Information shown
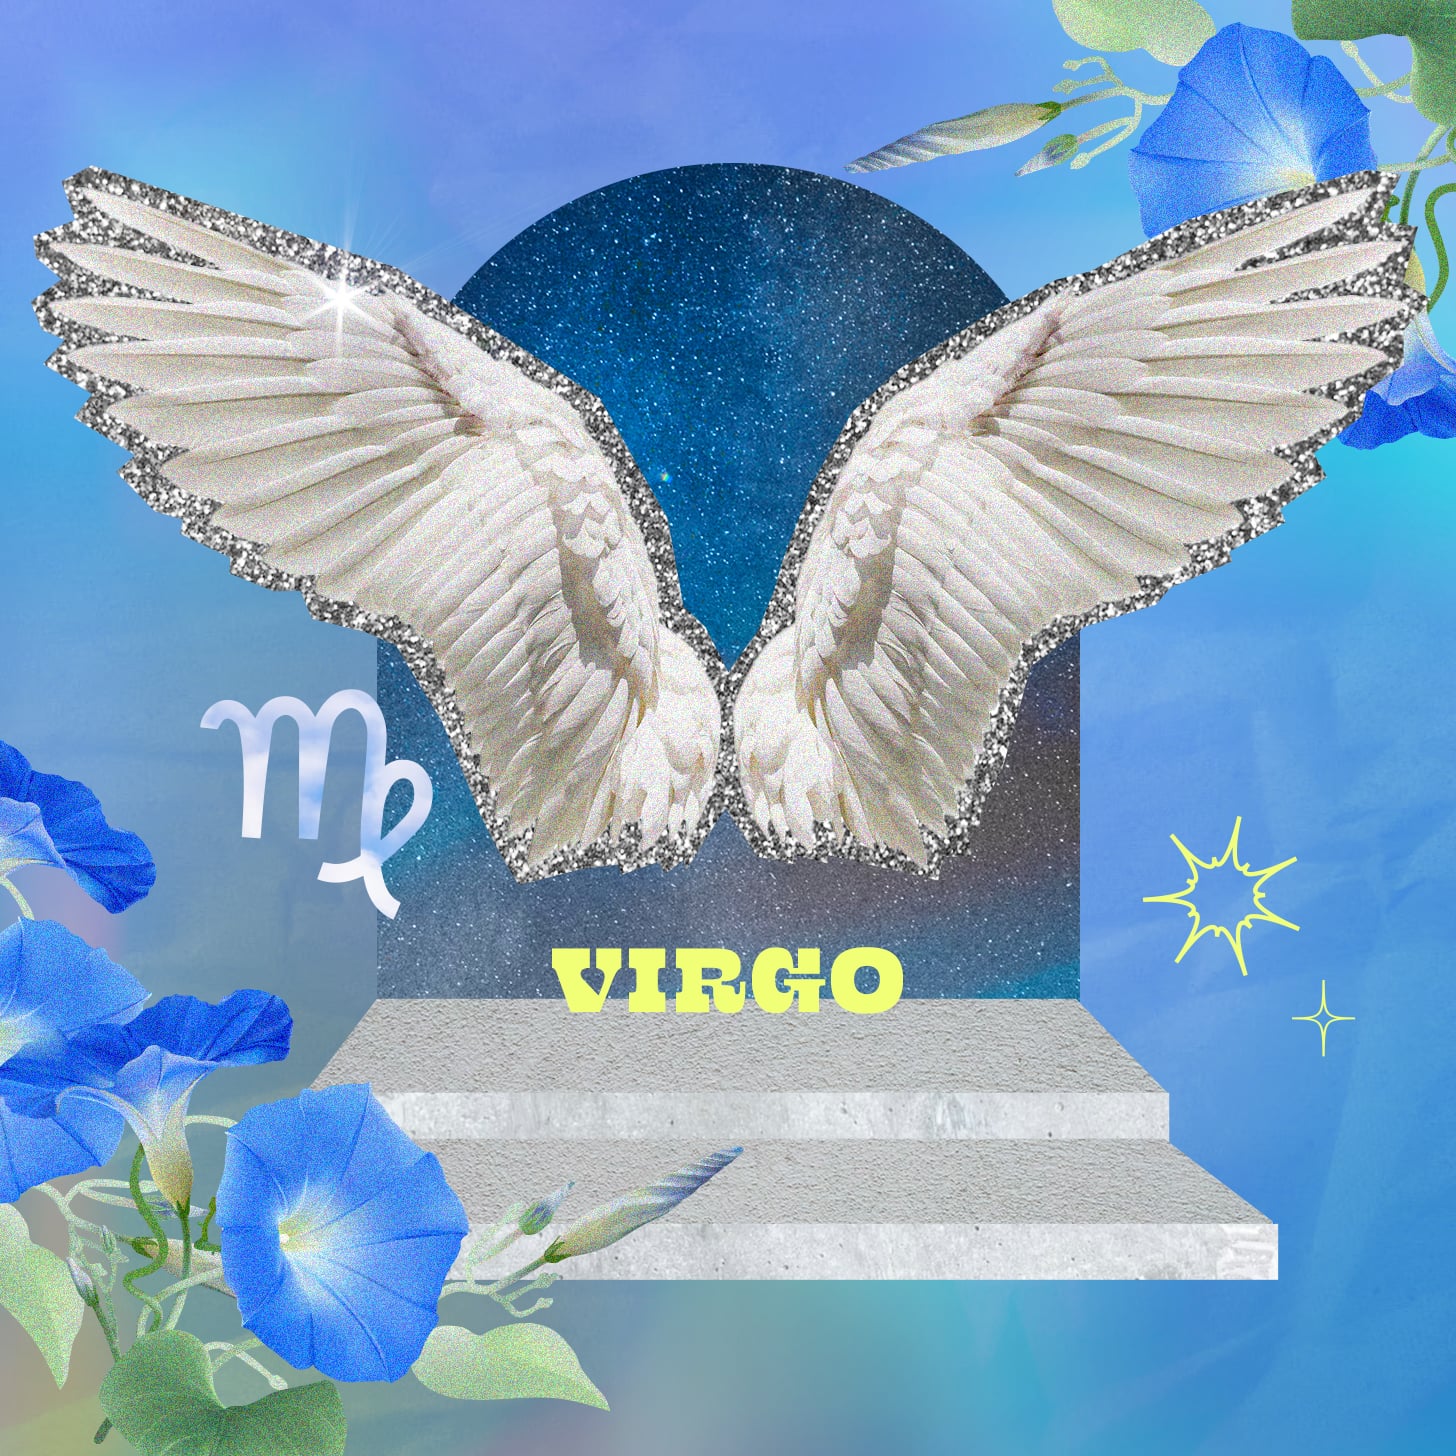 Virgo weekly horoscope for May 22
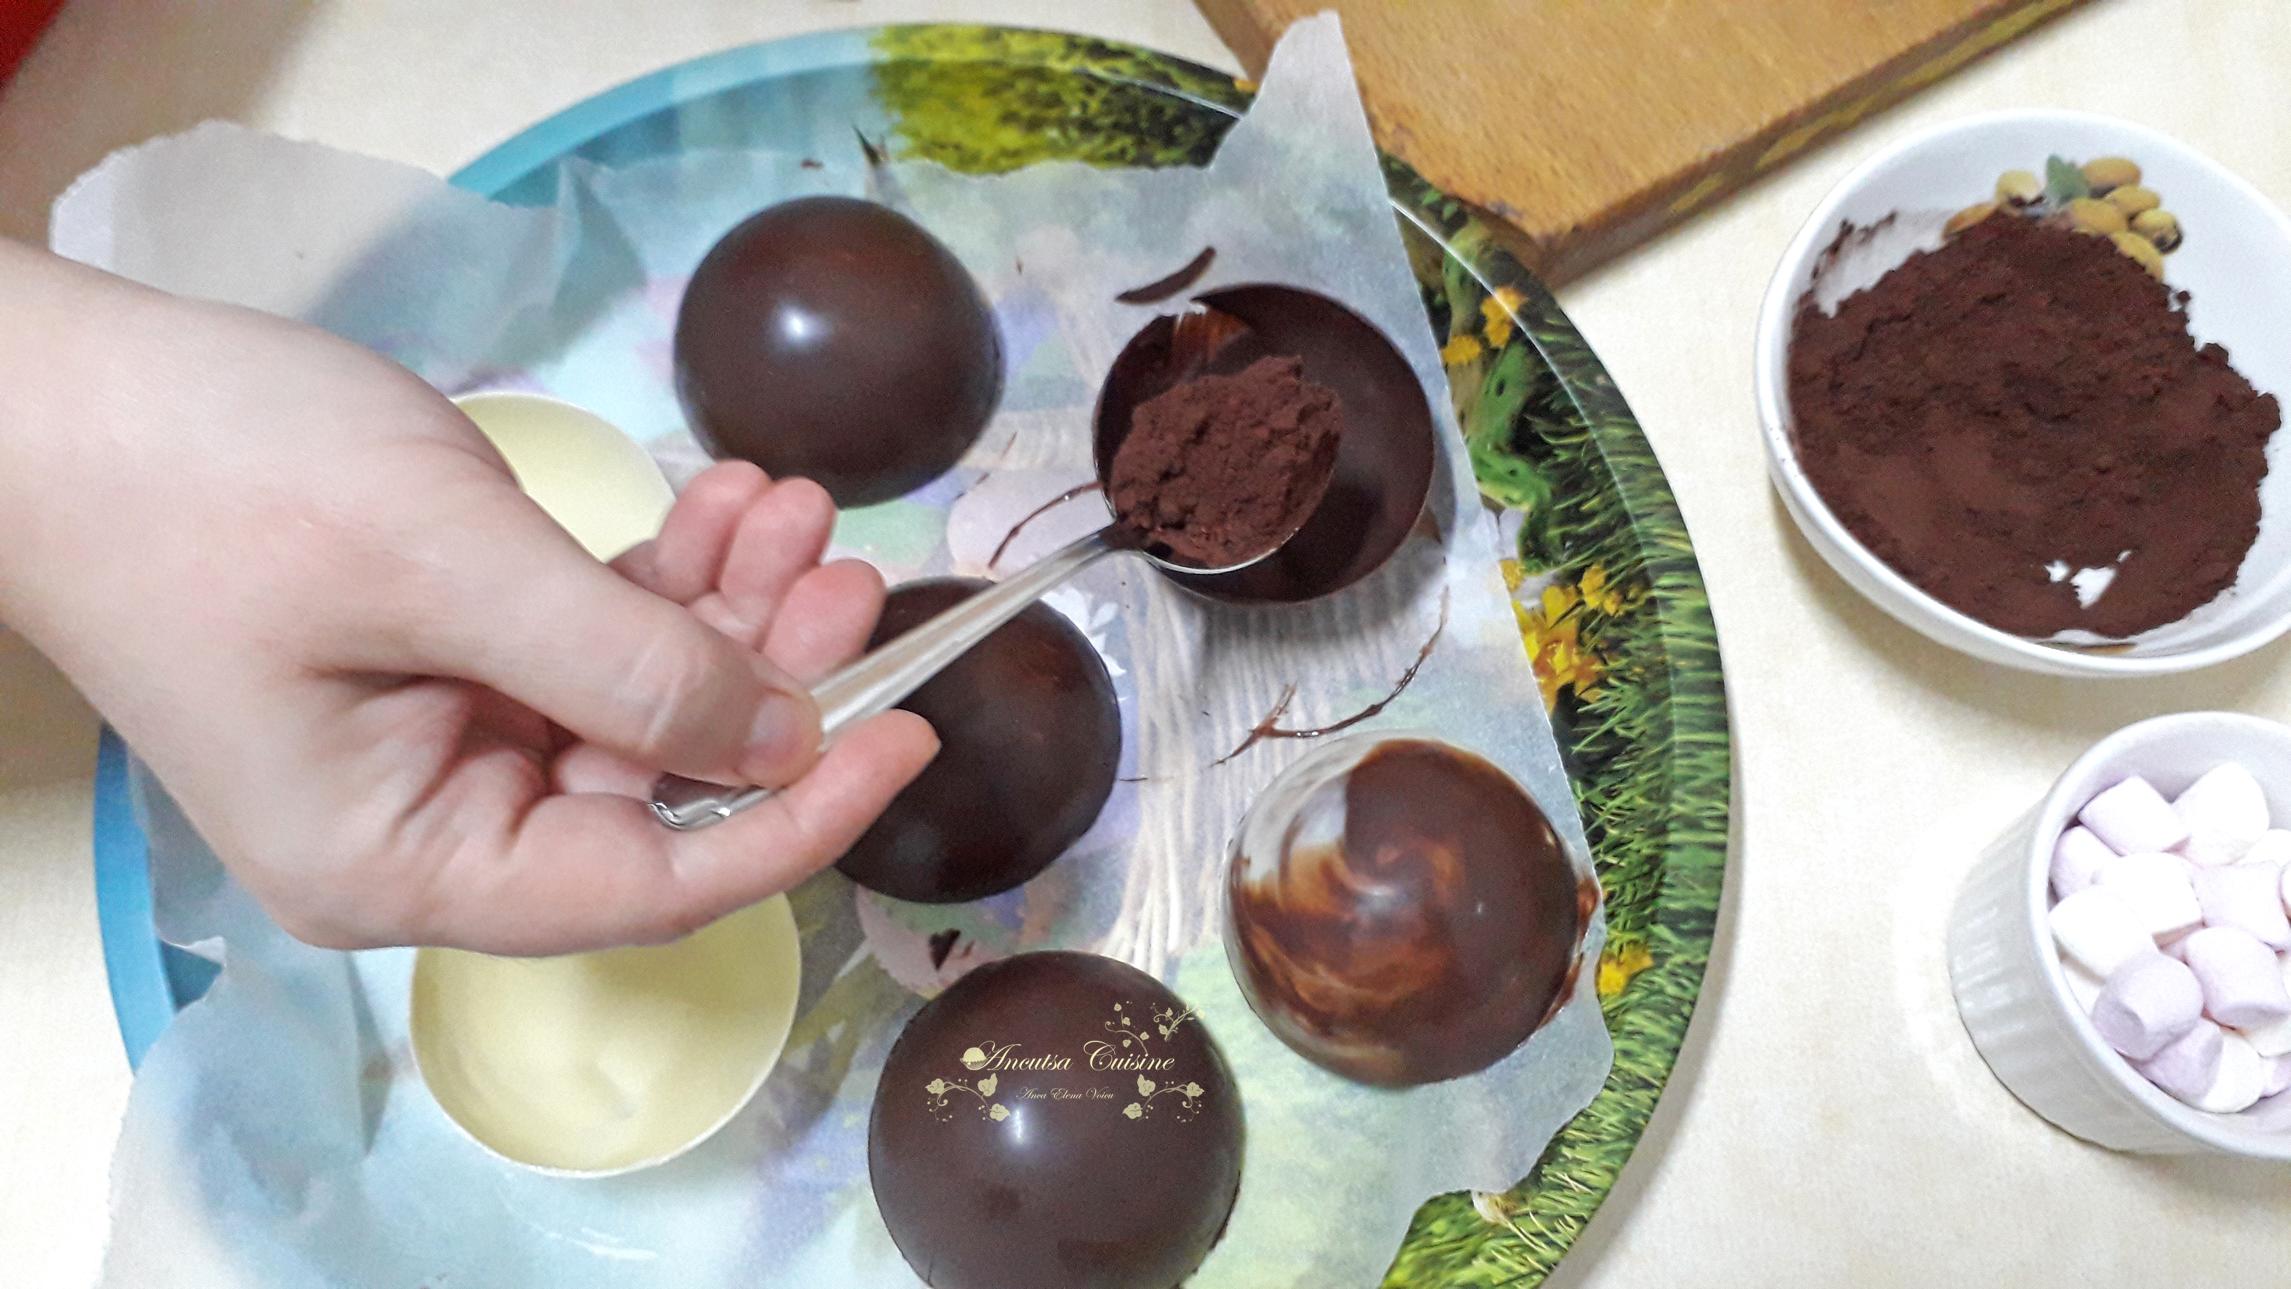 Desert sfere de ciocolata, umplute, pentru cacao calda
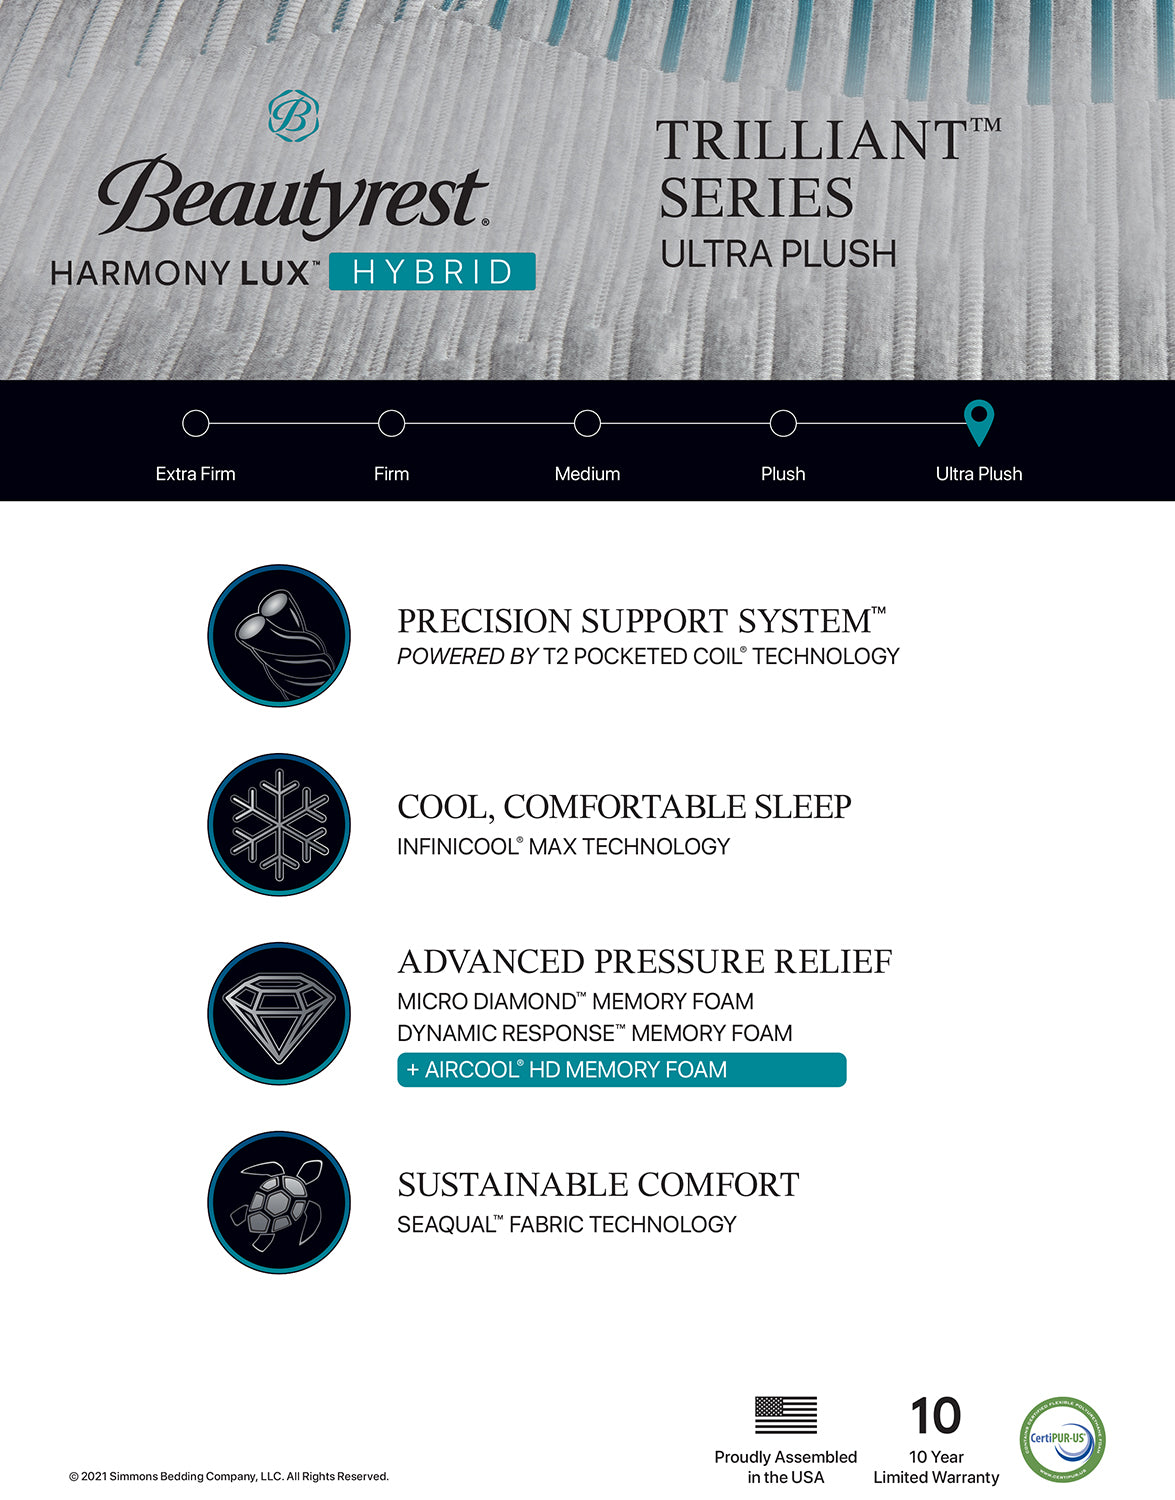 15.5" Beautyrest Harmony Lux Trilliant Hybrid Ultra Plush

Try it
Only the pictures in the listing above get left out; print everything else exactly.

Answer section
 Virgo weekly horoscope for May 22
 Desert sfere de ciocolata, umplute, pentru cacao calda
 15.5" Beautyrest Harmony Lux Trilliant Hybrid Ultra Plush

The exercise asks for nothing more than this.